Exercise requirements:
Give all the lines below again, exactly, with no pictures.

Data provided:
::::::

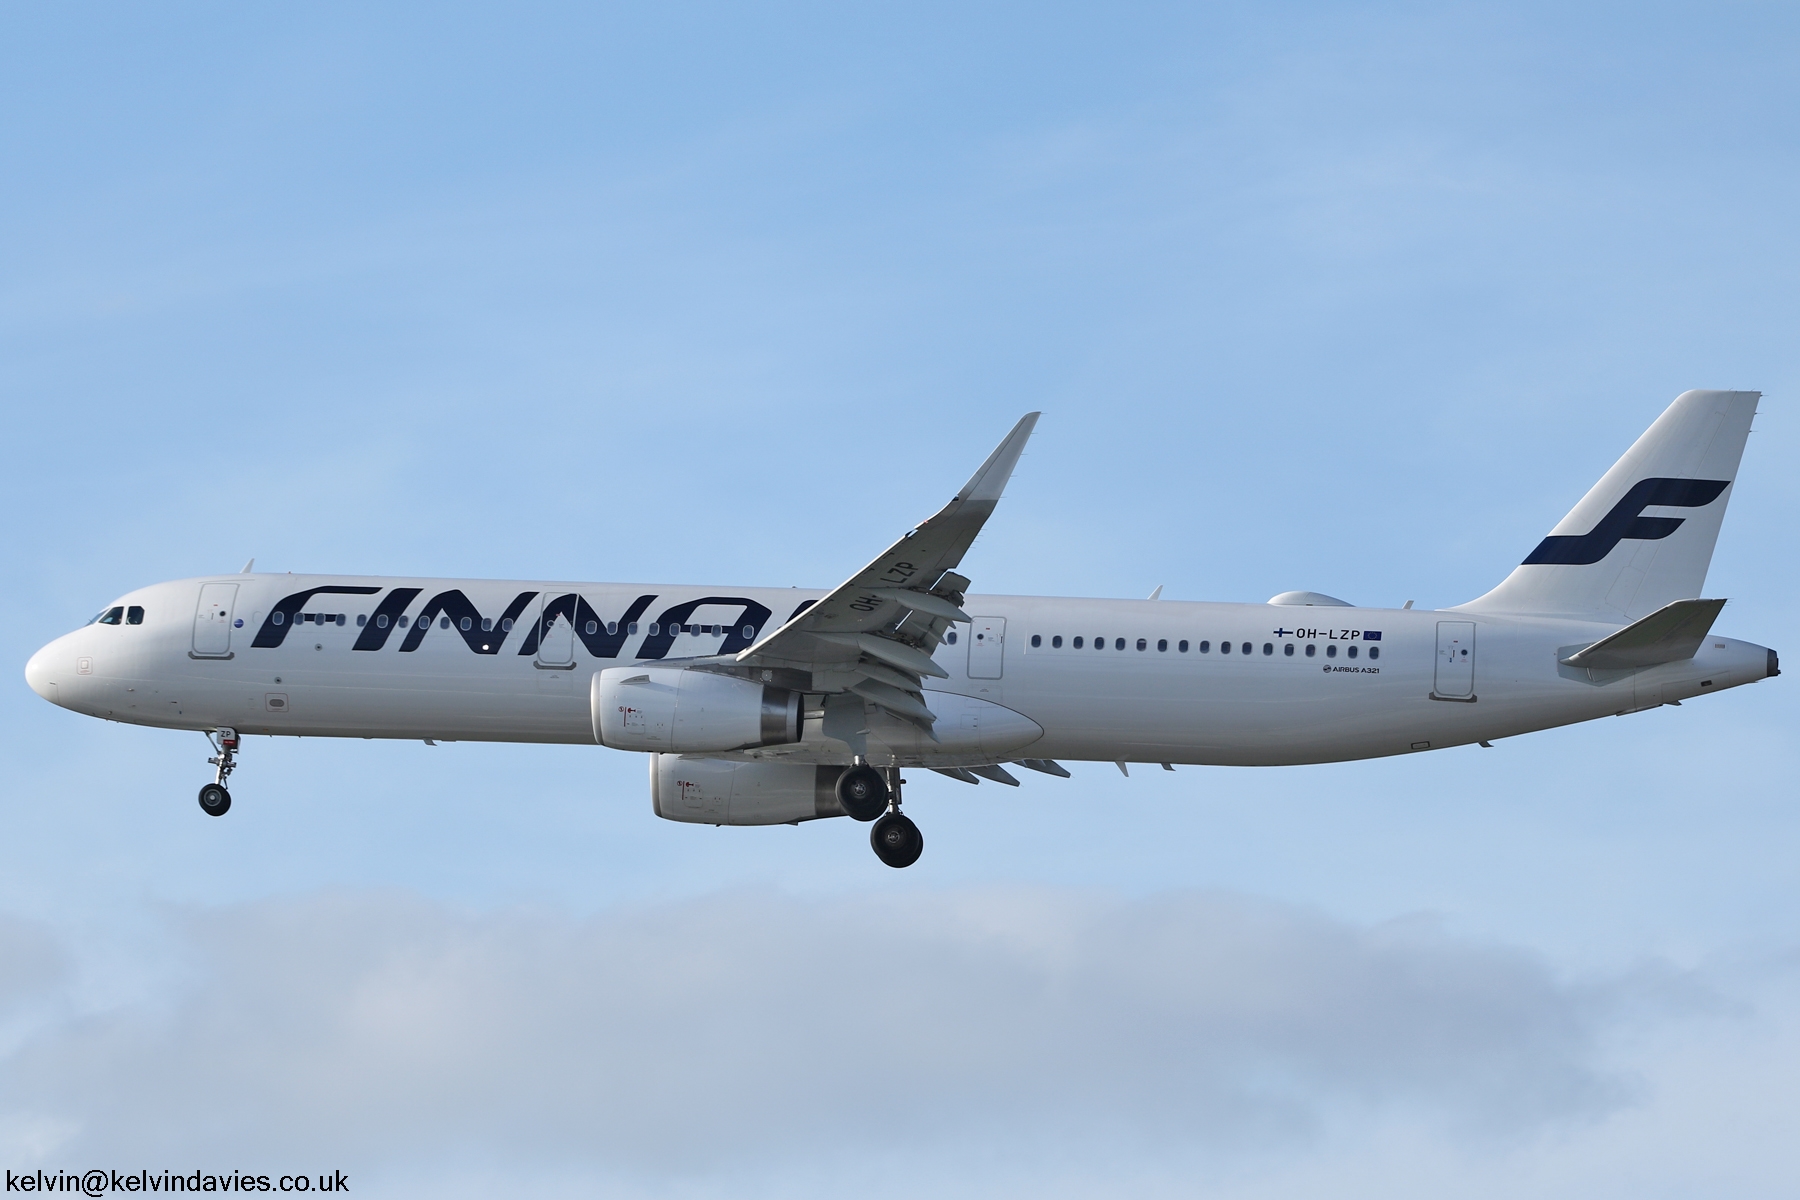 Finnair A321 OH-LZP
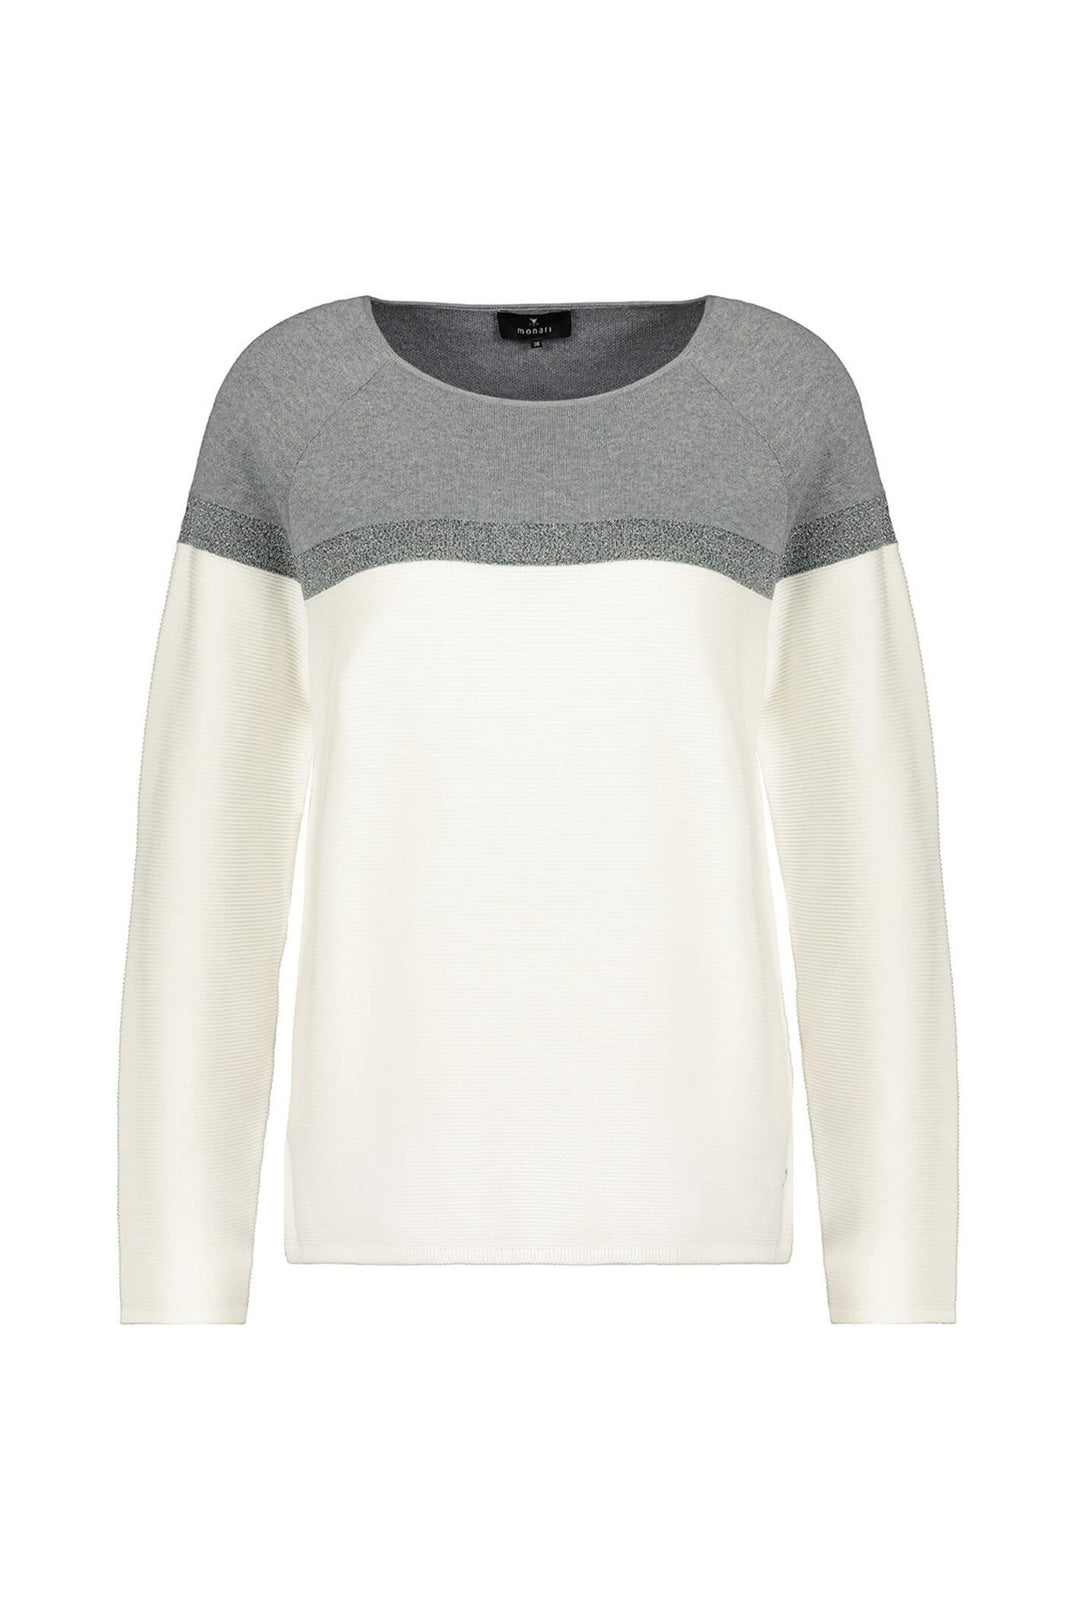 Monari 804821 Off White Colour Block Sweater - Dotique
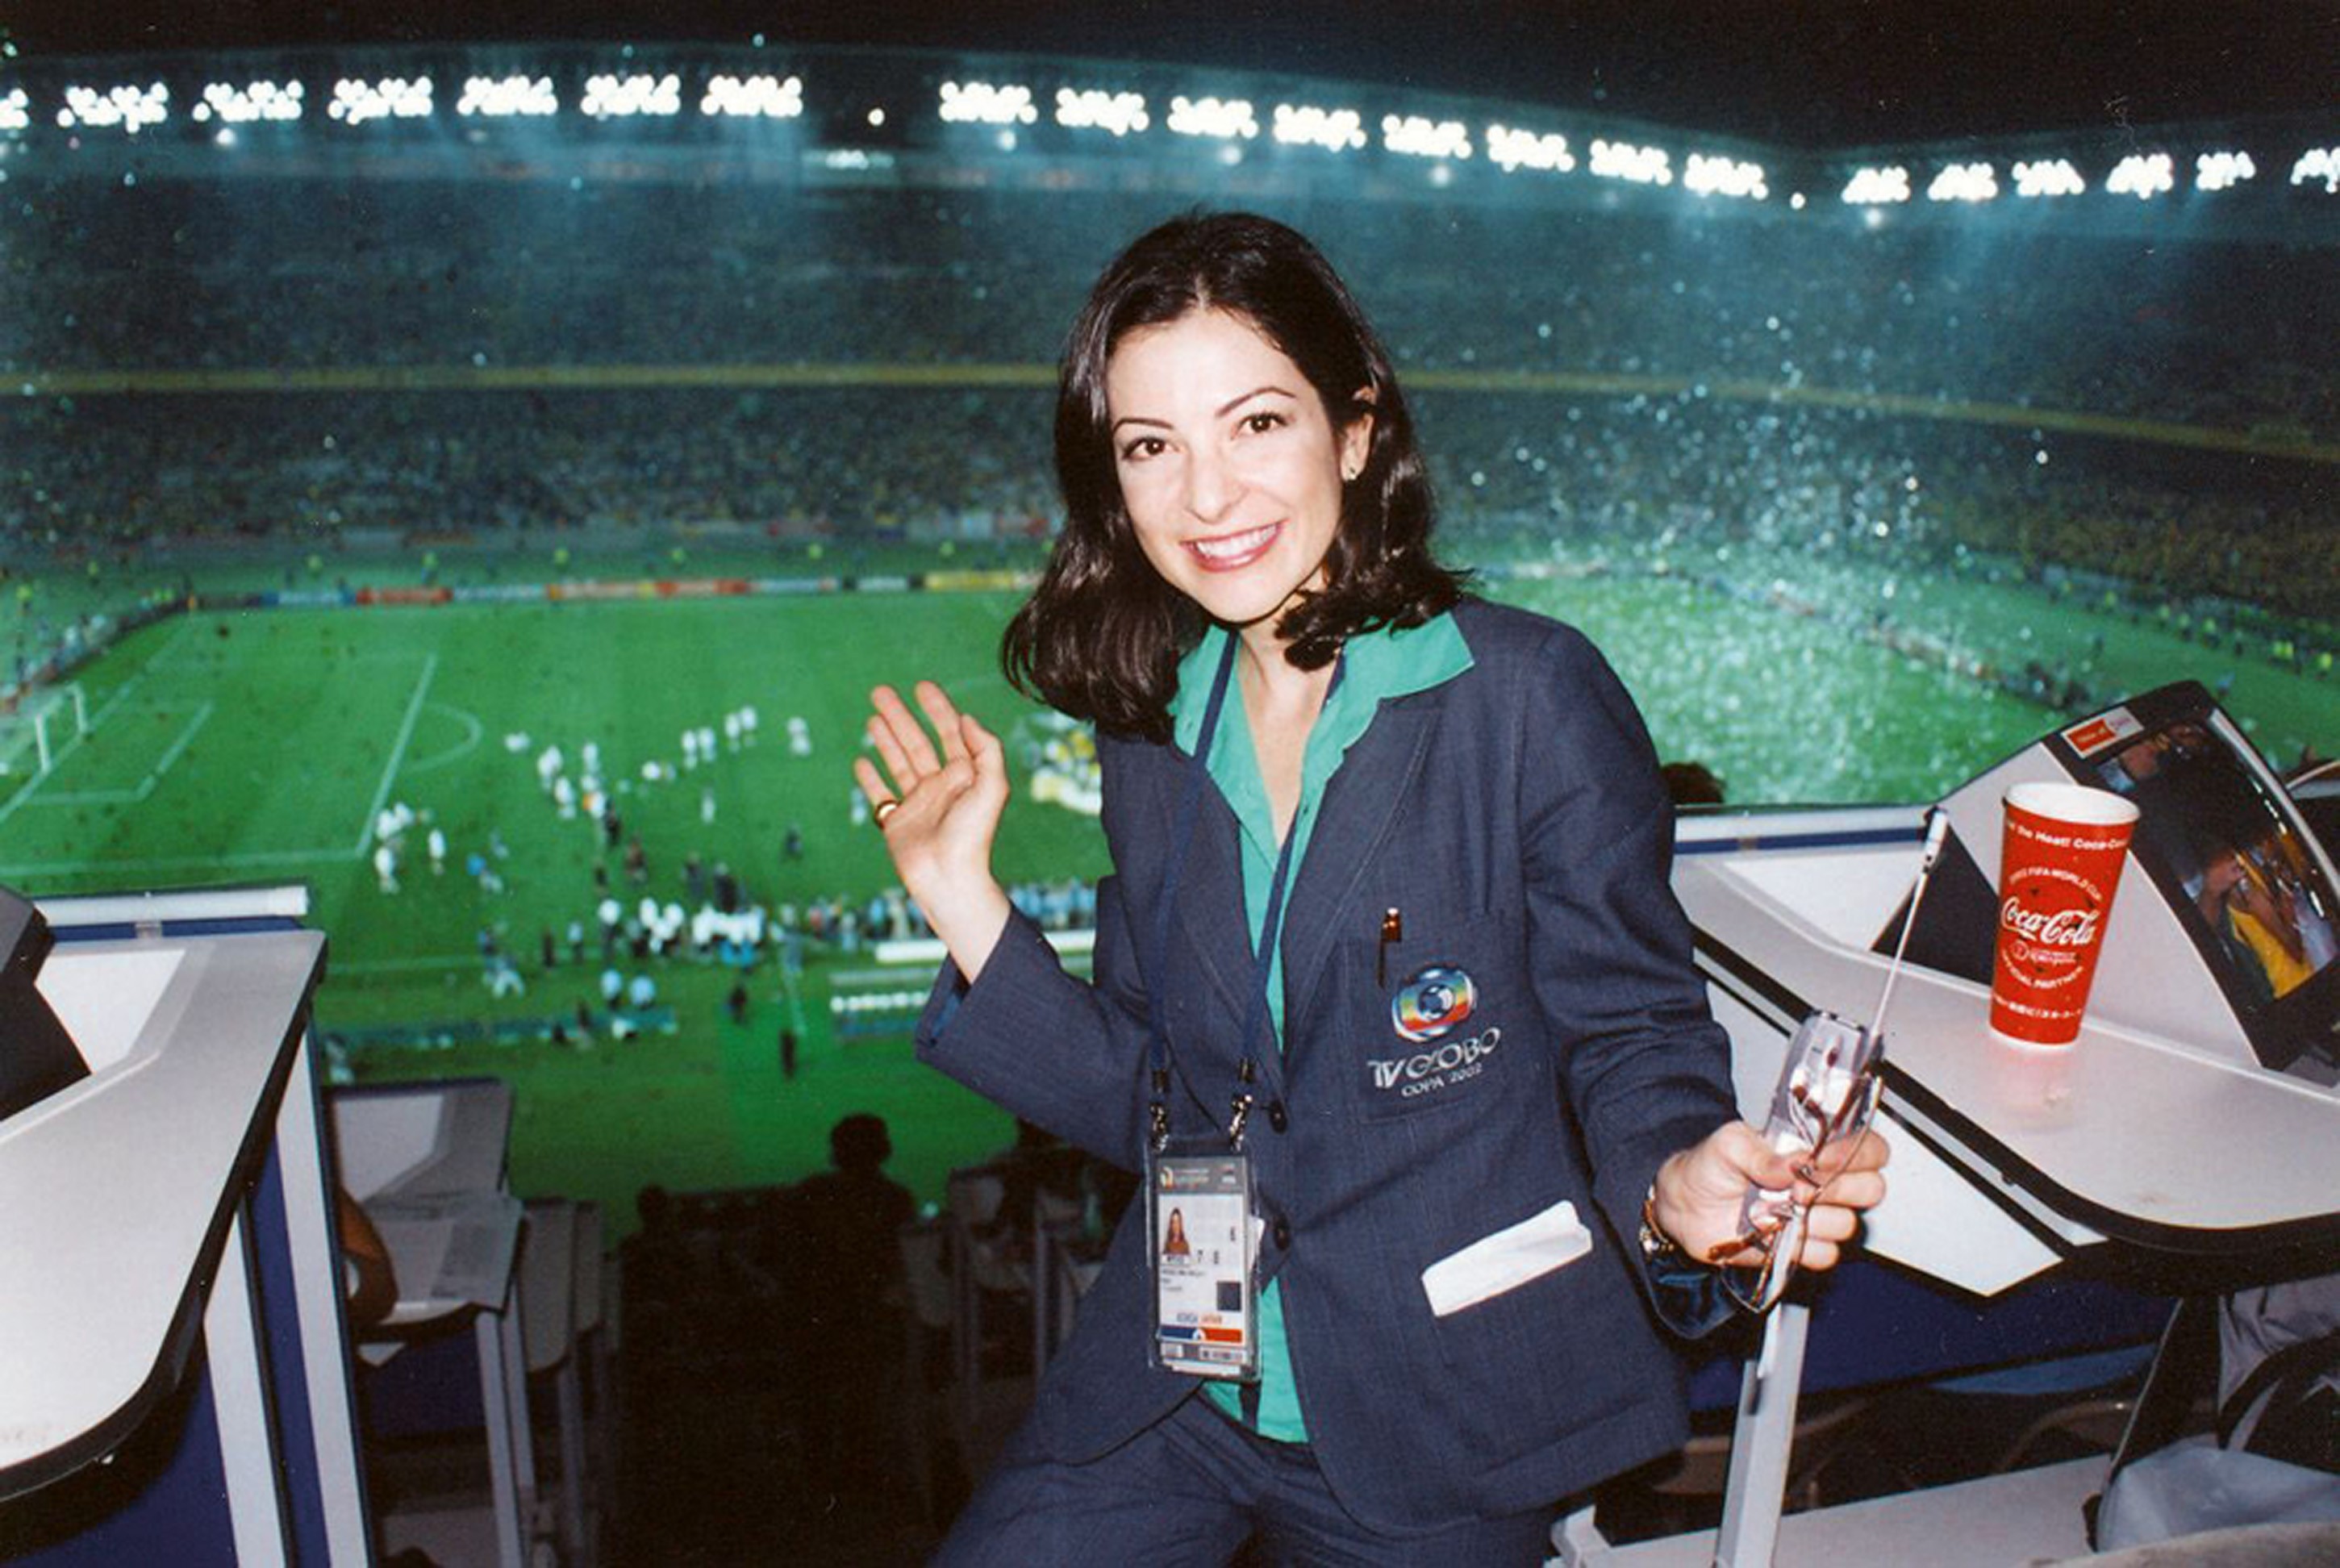 Em transmissão da final da Copa de 2002, no Japão, pela Globo

::::::

Written solution:
 Finnair A321 OH-LZP
 Monari 804821 Off White Colour Block Sweater - Dotique
 Em transmissão da final da Copa de 2002, no Japão, pela Globo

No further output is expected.